In lines 330 to 334, the authors mention modifications made to the original quadratic problems from Donti et al. (2021). However, it remains unclear whether these modifications provide any advantages to the proposed method. A clarification on this point is necessary.
In Algorithm 1, the authors only consider a round-down direction for integer variables. It would be beneficial to explain why the round-up direction is excluded. If the round-up direction is relevant, this should be described in detail.
In the experiments, the authors allocate only a 60-second time budget to the exact solver. This limited timeframe may hinder the solver’s ability to find the optimal feasible solution, even if a few additional seconds are provided. It would be more informative to present a statistical distribution of % Infeasible versus Time (seconds) for the various methods evaluated.

2024-11-21

Thank you for the detailed comments which we address next in this response as well as in the updated version of the submission.

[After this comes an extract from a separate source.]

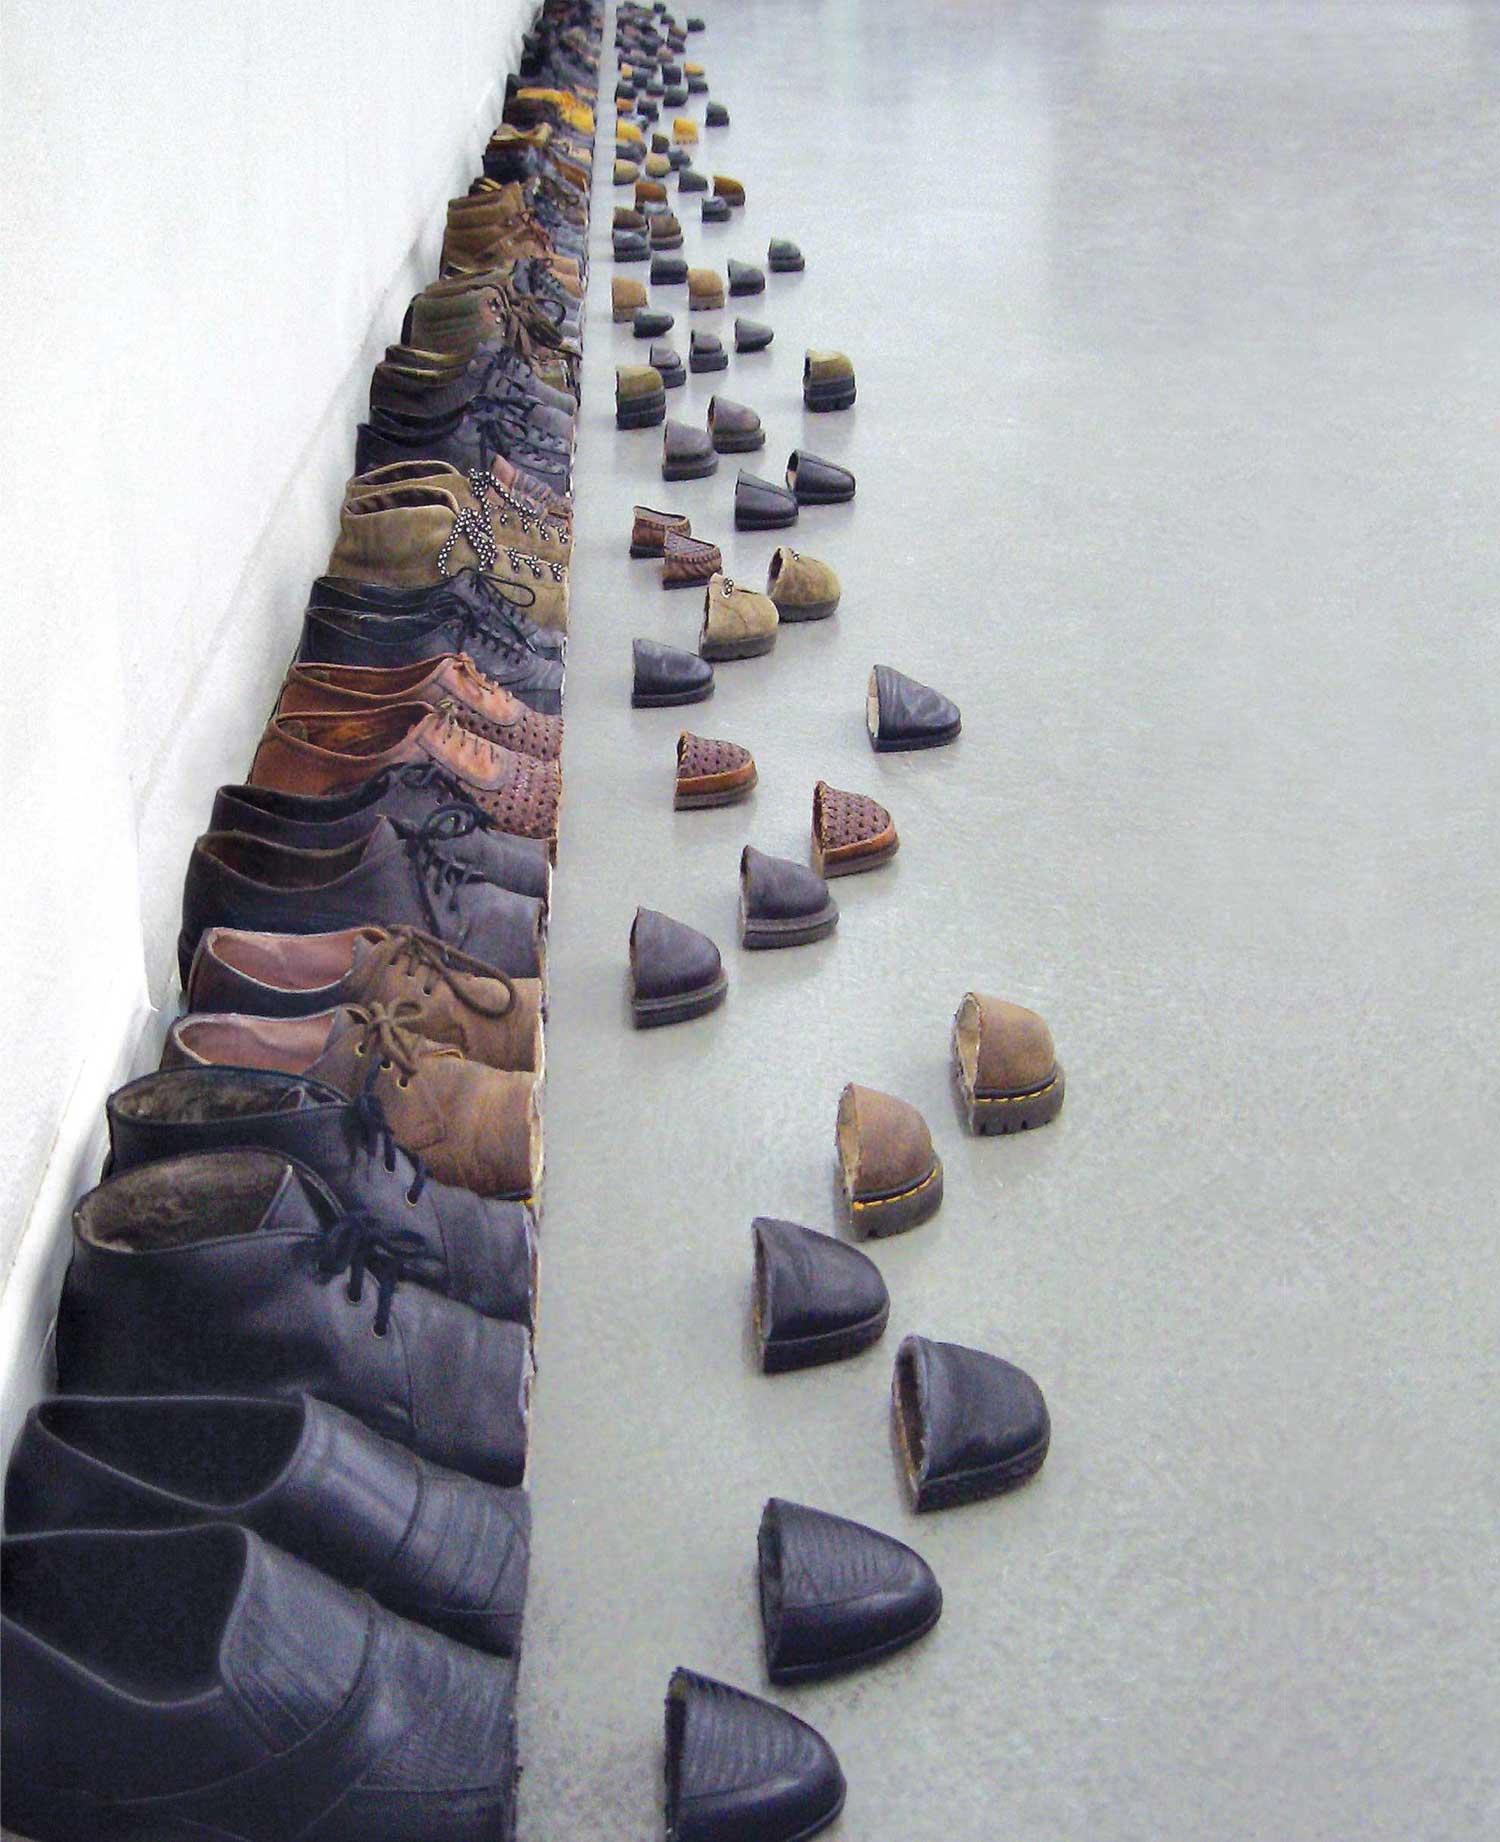 Schuhe mit kunstvollem Schnitt Sakir-Gokcebag-shoes_04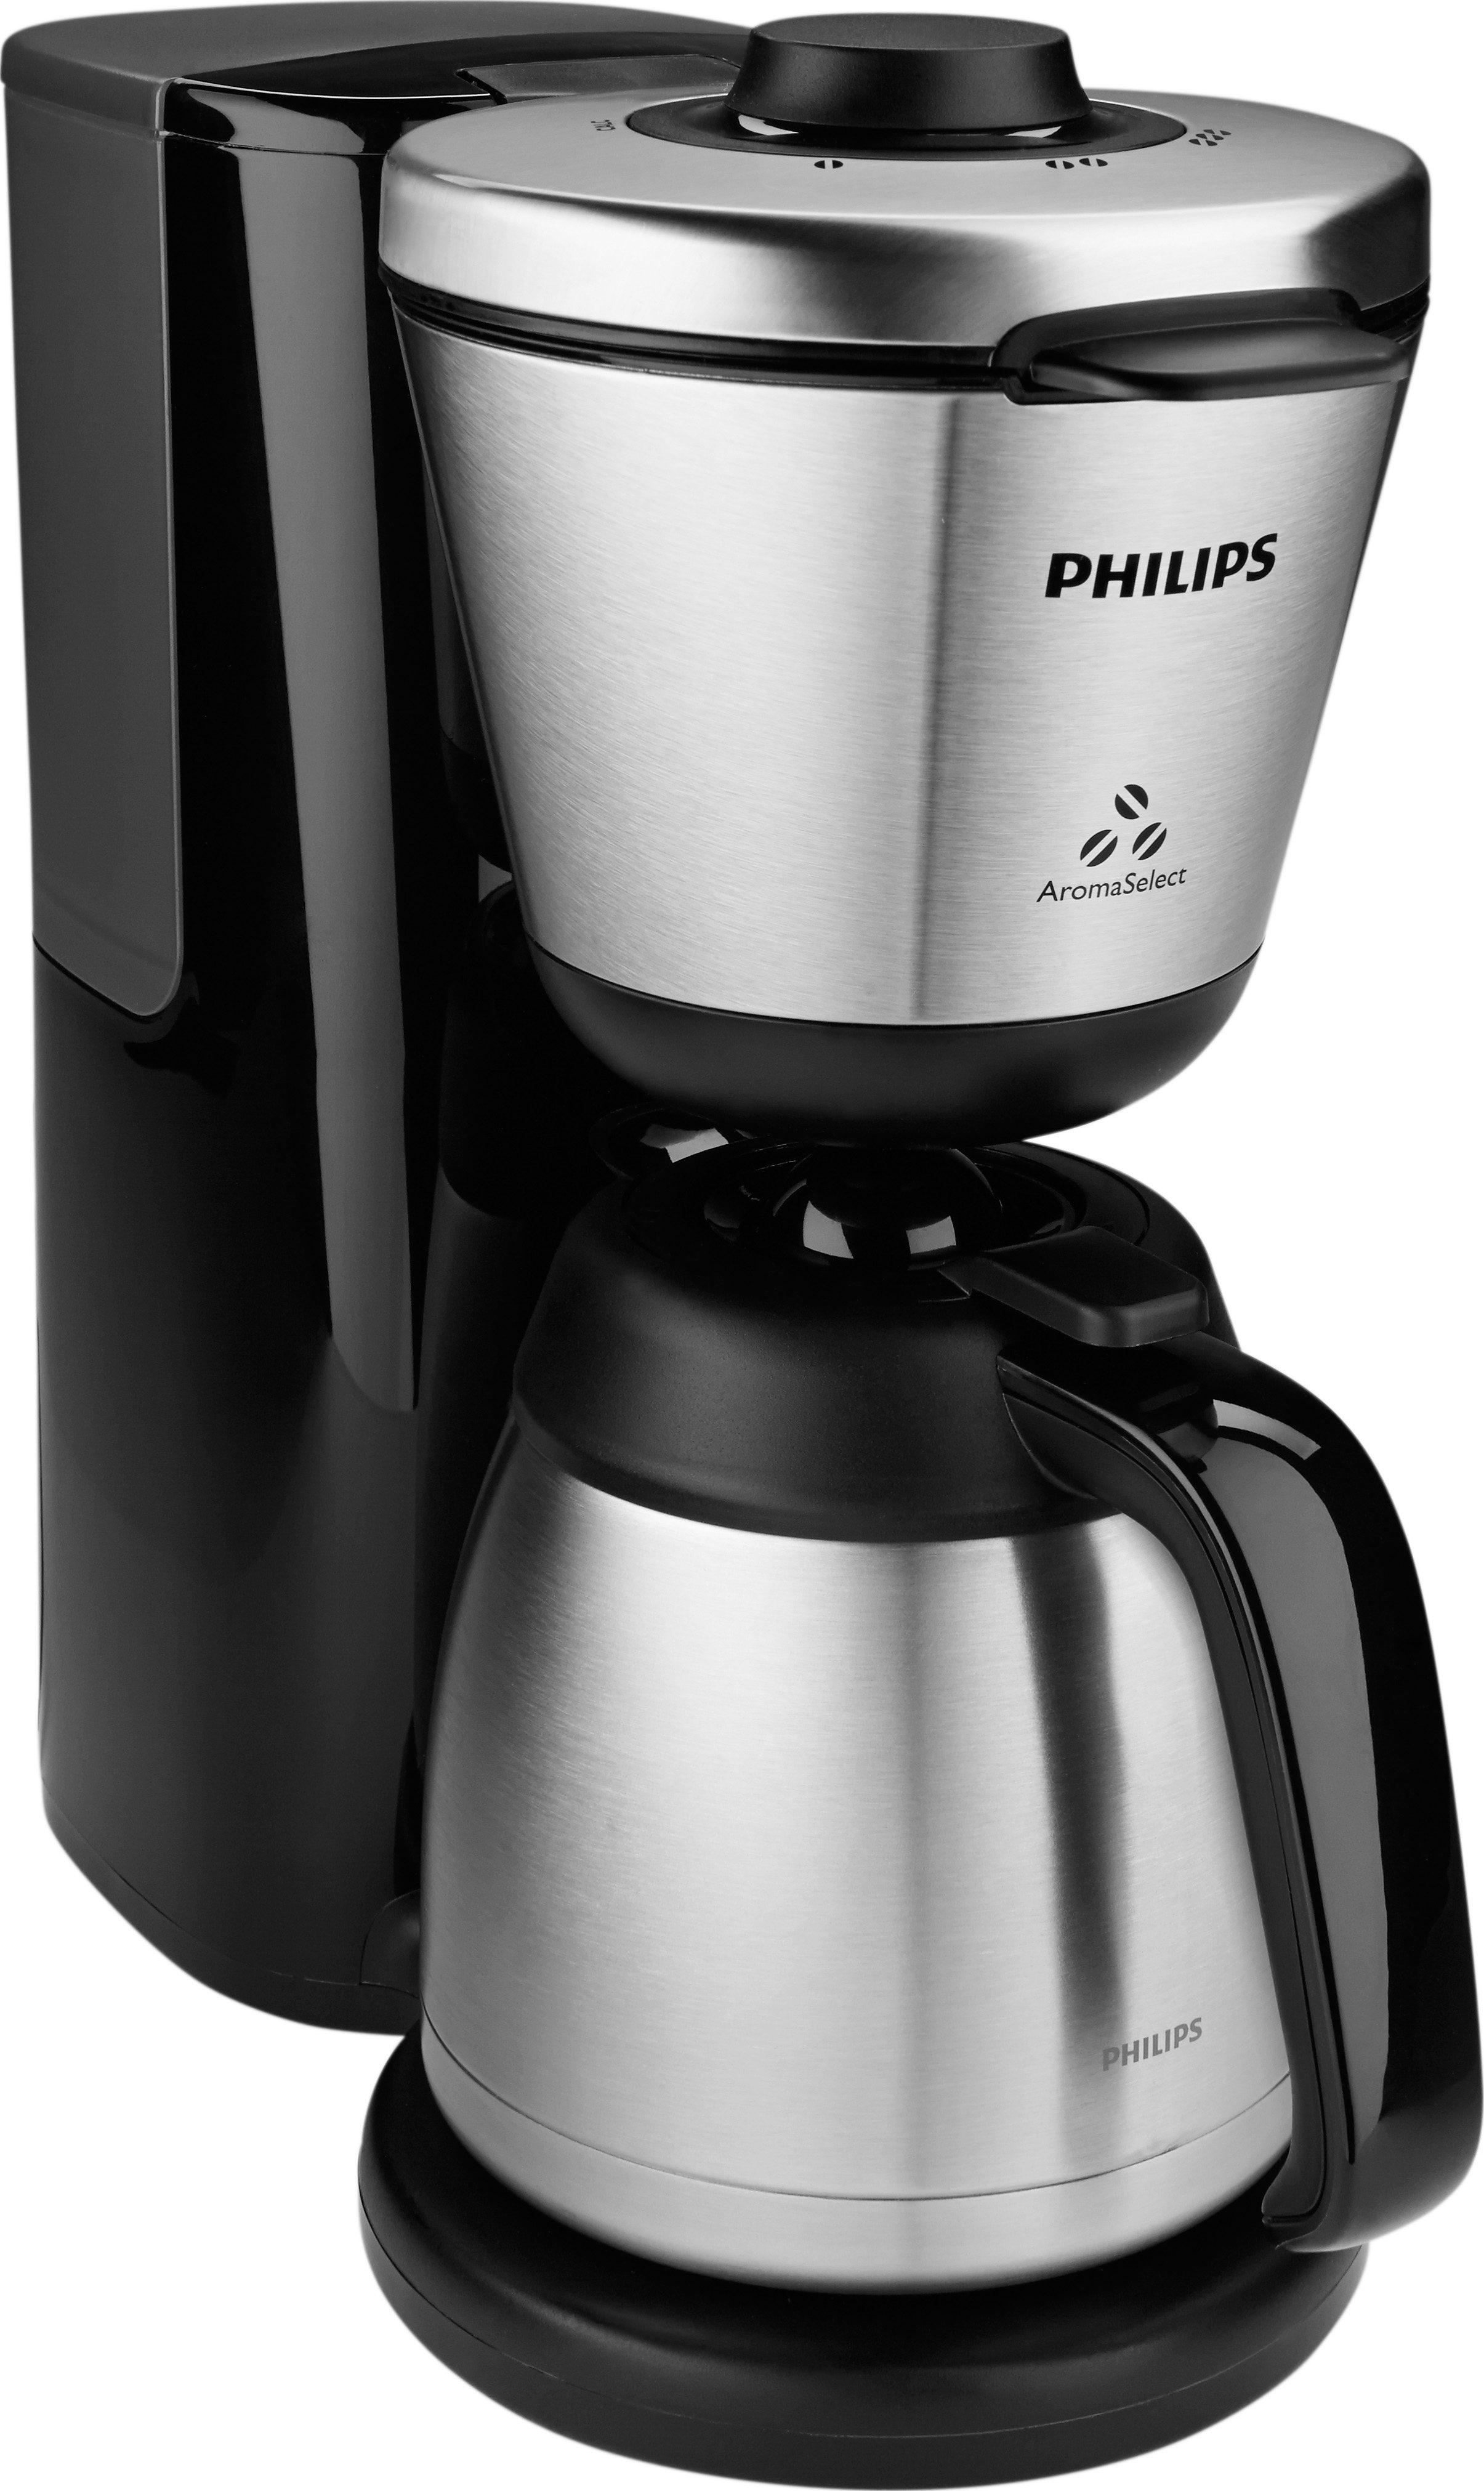 Philips Kaffeemaschine HD7697/90, Intense AromaSelect mit Thermokanne, schwarz

Solver selection (Why Gurobi & SCIP?):
- Both are generic MINLP solvers with some of the best-reported results according to independent benchmarking (see, for example, https://plato.asu.edu/ftp/minlp.html) as well as academic licenses for research. In fact, as noted by Lundell & Kronqvist (2022) (see [1] below for ref.), who performed a comprehensive benchmarking of more than ten MINLP solvers: “It is clear, however, that the global solvers Antigone, BARON, Couenne and SCIP are the most efficient at finding the correct primal solution when regarding the total time limit. [...] Gurobi also is very efficient when considering that it only supports a little over half of the total number of problems!”. As such, Gurobi and SCIP are very much representative of the state of MINLP solving.
Problem selection (Why change Donti et al’s QP):
- We describe this instance generation process in more detail in Appendix E of the updated paper. Simply put, Donti et al. studied continuous quadratic problems whereas we are interested in their discrete counterparts. The modifications do not advantage our methods at all. Specifically, we added integrality constraints, which inherently make the problems more challenging, and removed equality constraints to avoid infeasible instances in our discrete setting. These changes were necessary to adapt the problems to the discrete domain, but they do not alter the problem in a way that benefits our proposed methods.
Feasibility issue:
- Indeed, the neural network output may not be feasible, though our training loss function encourages the model to produce feasible solutions, and our empirical results show rather low infeasibility rates. We have expanded the analysis of infeasibility and show that with sufficiently large penalty weights in training and large enough training data, integer-feasible solutions can be generated most of the time; we refer to Section 6.5 and Section 6.6 of the updated paper.
- Guaranteeing a feasible solution for a MINLP is NP-Hard in general. As such, no heuristic algorithm, ML-based or not, can be guaranteed to produce feasible solutions in polynomial time. However, our ML model output can be passed on to an exact MINLP solver, such as Gurobi/SCIP, which can then attempt to construct a fully feasible solution. In Gurobi, this can be done using “variable hints”.
- We agree that including a more explicit evaluation of post-processing time and its impact on overall efficiency would strengthen the paper. However, our results already demonstrate that our method provides an efficient, practical, and scalable solution, especially for large-scale instances where solvers fail to find any feasible solutions for each instance within a reasonable time.
Metrics (%Infeasible and %Unsolved):
- Due to numerical issues, it is possible for a MINLP algorithm to produce a solution that is thought to be feasible when it actually is not. We perform this check and record the “% Infeasible" rate. As for the “%Unsolved” metric: Given that MINLPs are NP-Hard to solve, no polynomial-time algorithm is guaranteed to generate a feasible solution in a bounded amount of time. Tracking the number of test instances for which no solution is generated by a method is thus important. We believe that these metrics, in conjunction with objective function value mean/median as well as running time, provide a complete picture of method performance.
- In our updated experiments, with access to improved computational resources, the simple non-convex problem does not currently exhibit partial unsolved cases within the time limit—i.e., either all instances are solved, or none are. However, for the Rosenbrock problem, we still observe and report the “%Unsolved” metric.
Loss function novelty:
- Indeed, penalizing constraint violations in an objective function is a standard technique for continuous constrained optimization. However, this approach has not been used at all to learn to generate solutions for mixed-integer non-linear programs. Our proposed methods are the first to address learning-to-optimize in the context of general parametric MINLPs. This is enabled not just by the loss function but also by integer outputs from the two-network architecture and the differentiable correction layers that are empirically very effective at generating feasible assignments to integer variables.
Typos:
- We have corrected every typo we could find in the updated version of the submission.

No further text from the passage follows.